Marrow Cellution™ accesses aspirate flow collected exclusively laterally as the tip of the aspiration cannula is closed allowing marrow collection perpendicular to and around the channel created by the tip of the device. It incorporates technology to precisely reposition the retrieval cannula within the marrow space after each aspiration. These features achieve a clinicians' desire for a single entry point. A single puncture with Marrow Cellution™ provides high quality bone marrow aspirate and bone graft, collected from numerous sites within the marrow geography. Marrow Cellution™ provides substantial savings of effort, time and expense. It reduces patient trauma, morbidity and risk of infection
Marrow Cellution™ maximizes stem and progenitor cell recovery and minimizes peripheral blood infiltration. Trocar needles with side ports aspirate primarily through an open-ended cannula. This leads to excess blood collection, requiring additional manipulation, i.e. centrifugation or chemical separation in a laboratory.
In addition, because there is reduced peripheral blood infiltration in bone marrow harvesting, Marrow Cellution allows the clinician to keep the product entirely on the sterile field rather than requiring the product the leave the sterile field for centrifugation and re-enter the sterile field for administration in the patient, reduces time for the final product to be delivered to the patient (no centrifugation necessary), reduces procedural expenses, and retains all the cells and growth factors obtained in the aspiration.
Use of centrifuged bone marrow aspirate for regenerative medicine is a growing practice; however, such centrifugation systems require aspirating large volumes (30-240 mL) in order to obtain sufficient stem/progenitor cellularity in a large enough post-centrifugation final volume for therapeutic administration. It is well known that the highest quality (highest quantity of stem/progenitor cells) bone marrow aspirations require aspirating small volumes of bone marrow (1-2 mL).
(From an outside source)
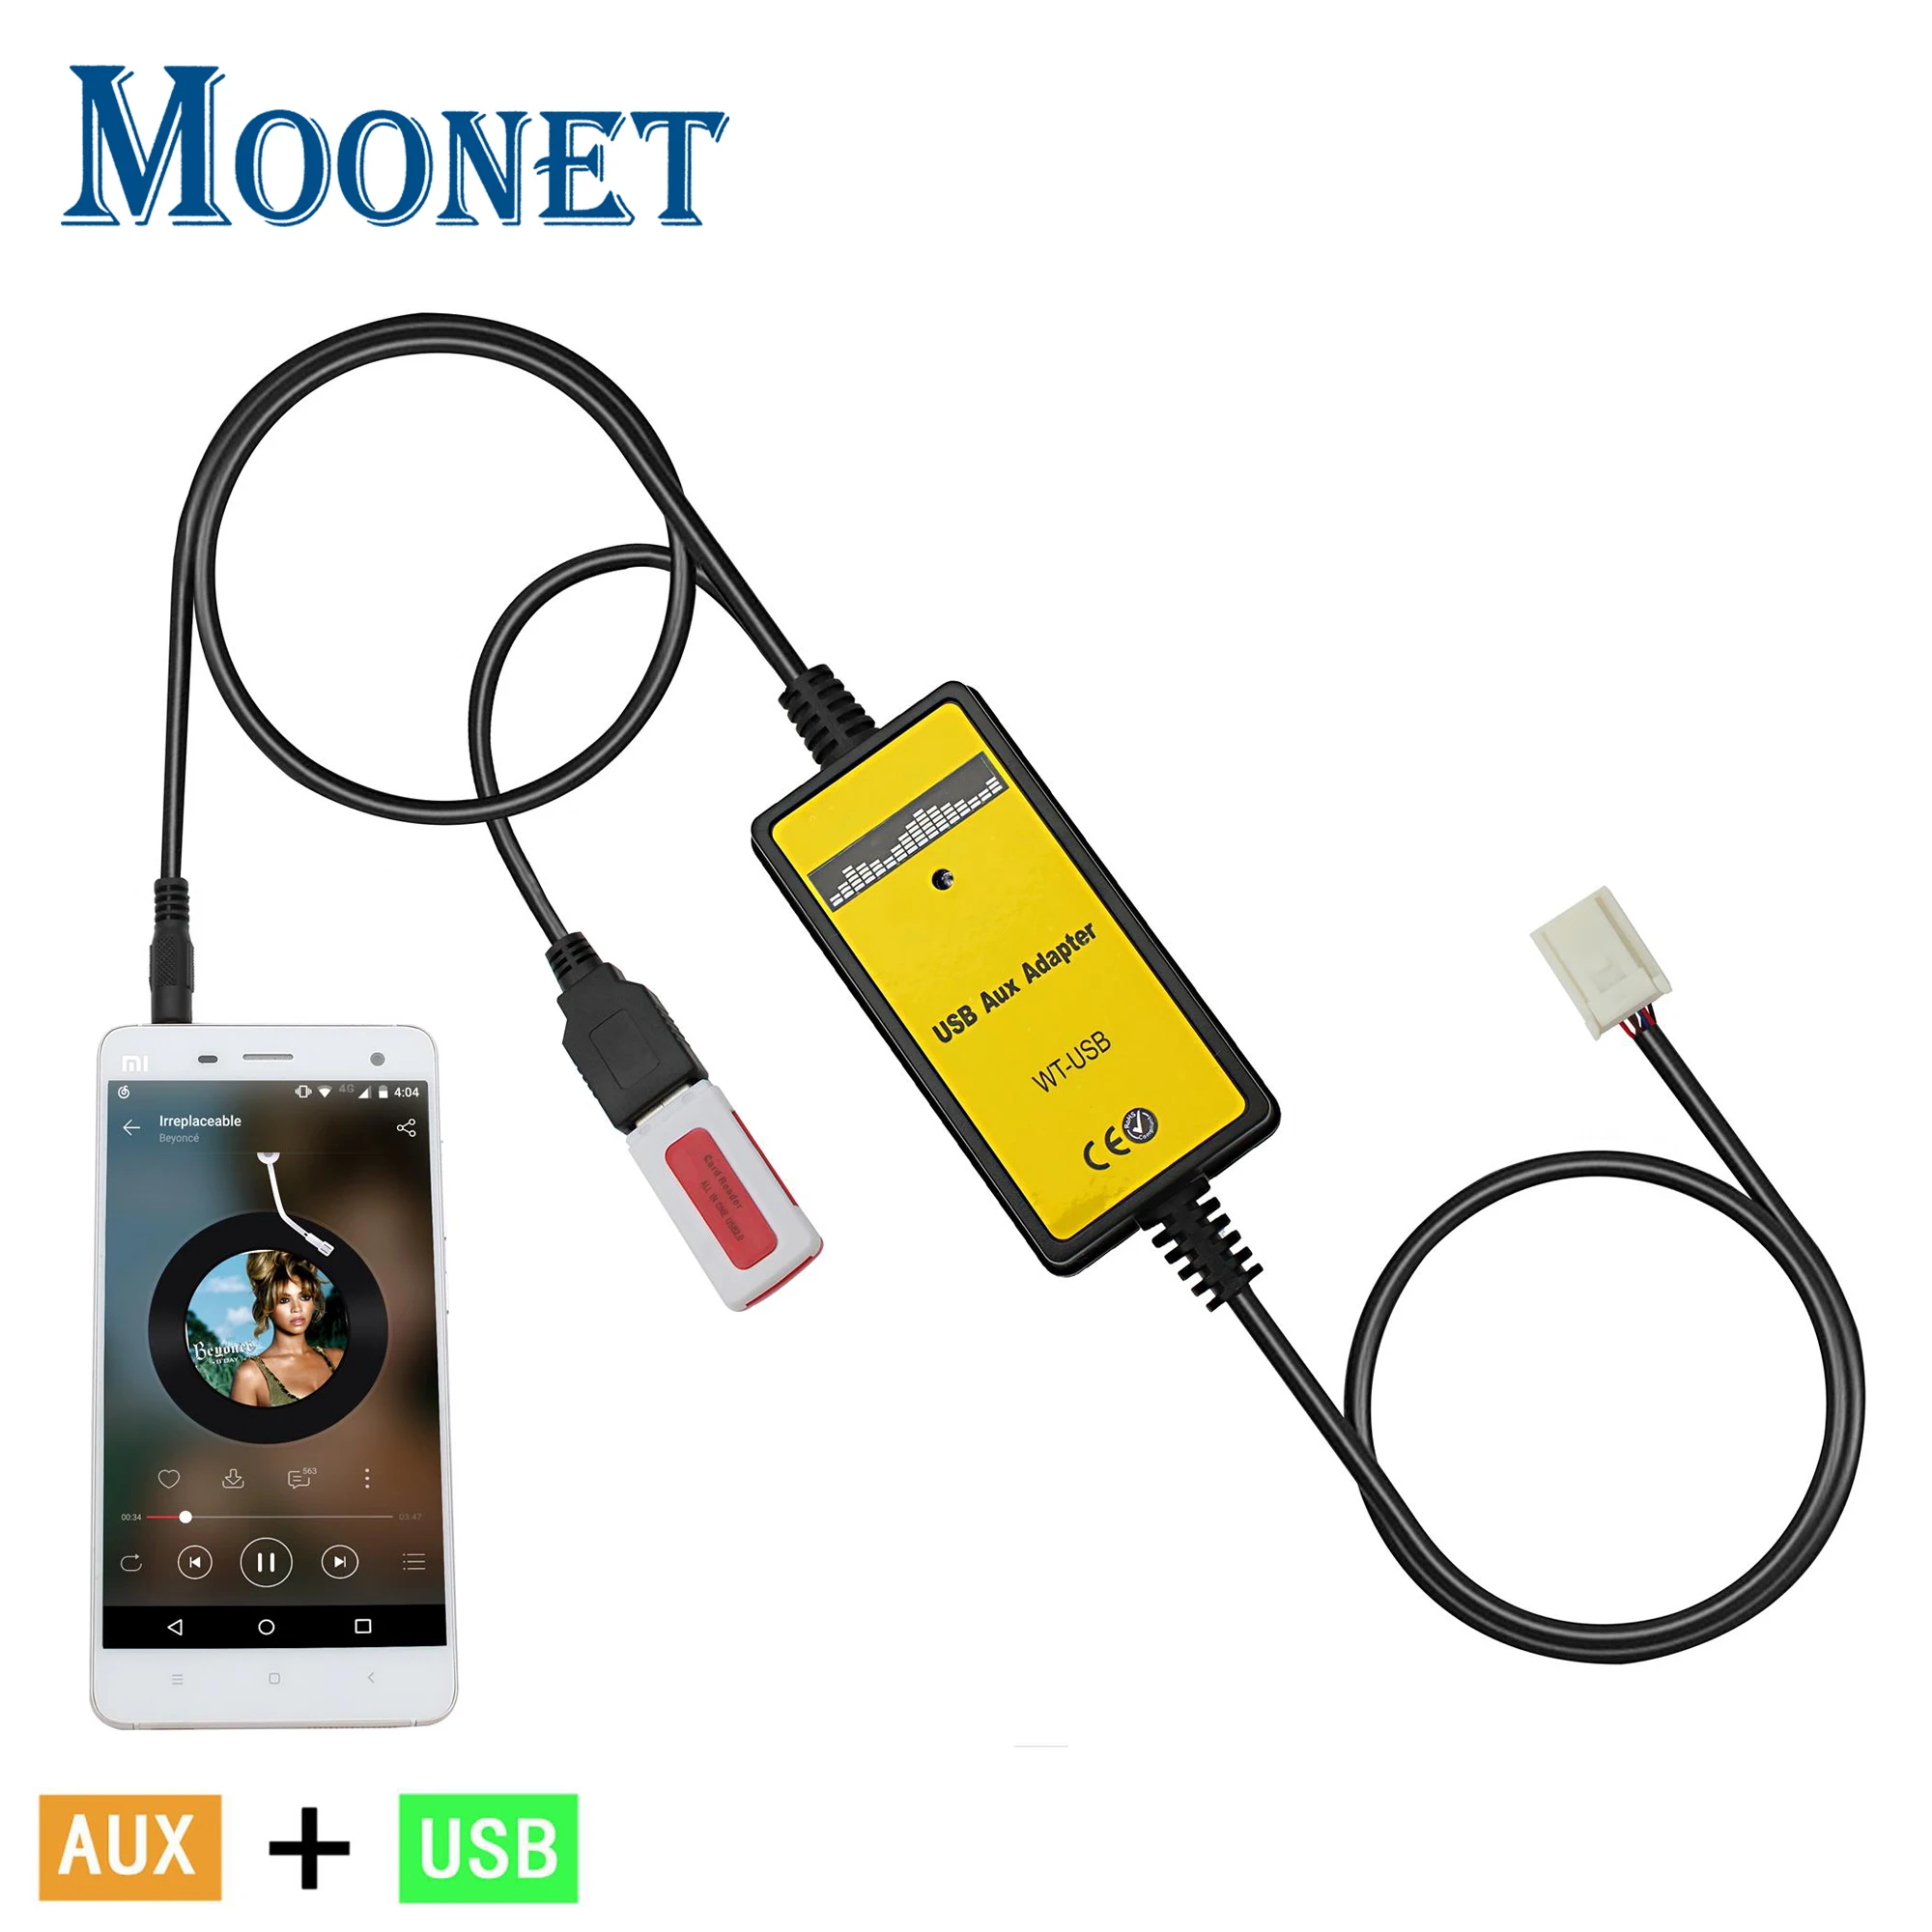 Moonet-Adaptador de música para coche, cambiador de CD de entrada USB y AUX, 6 + 6 pines, para Toyota RAV4, Avenis, Corolla, Camry, Vitz, Yaris (sin Navi y DVD)

The need for centrifugation, and consequent volume reduction, is due to the limitations of the traditional bone marrow aspiration needle. Blood and marrow are non-Newtonian fluids and the traditional needle has a large open port at its distal end; as such, it is known that peripheral blood infiltrates bone marrow aspirates greater than 1-2 mL. Marrow Cellution™ (Ranfac, Avon, MA), a novel bone marrow access and retrieval device requires substantially less bone marrow aspirate, the limitations of standard bone marrow aspiration needles (e.g., reduced stem/progenitors cell concentrations due to dilution with peripheral blood) are substantially overcome. Further, the single step Marrow Cellution™ produced the same (as counted by CD34+ cells) or greater (as counted by fibroblast-like colony-forming units, CFU-f) stem/progenitor cell concentrations as a combination of traditional needles and centrifugation with the SmartPReP2 Bone Marrow Aspirate Concentrate (BMAC) centrifuge-based 2 cellular processing system (Harvest Technologies, Plymouth, MA).
Marrow Cellution™ achieves multiple small volumes of high quality bone marrow aspirate collected from various sites distributed within the marrow cavity.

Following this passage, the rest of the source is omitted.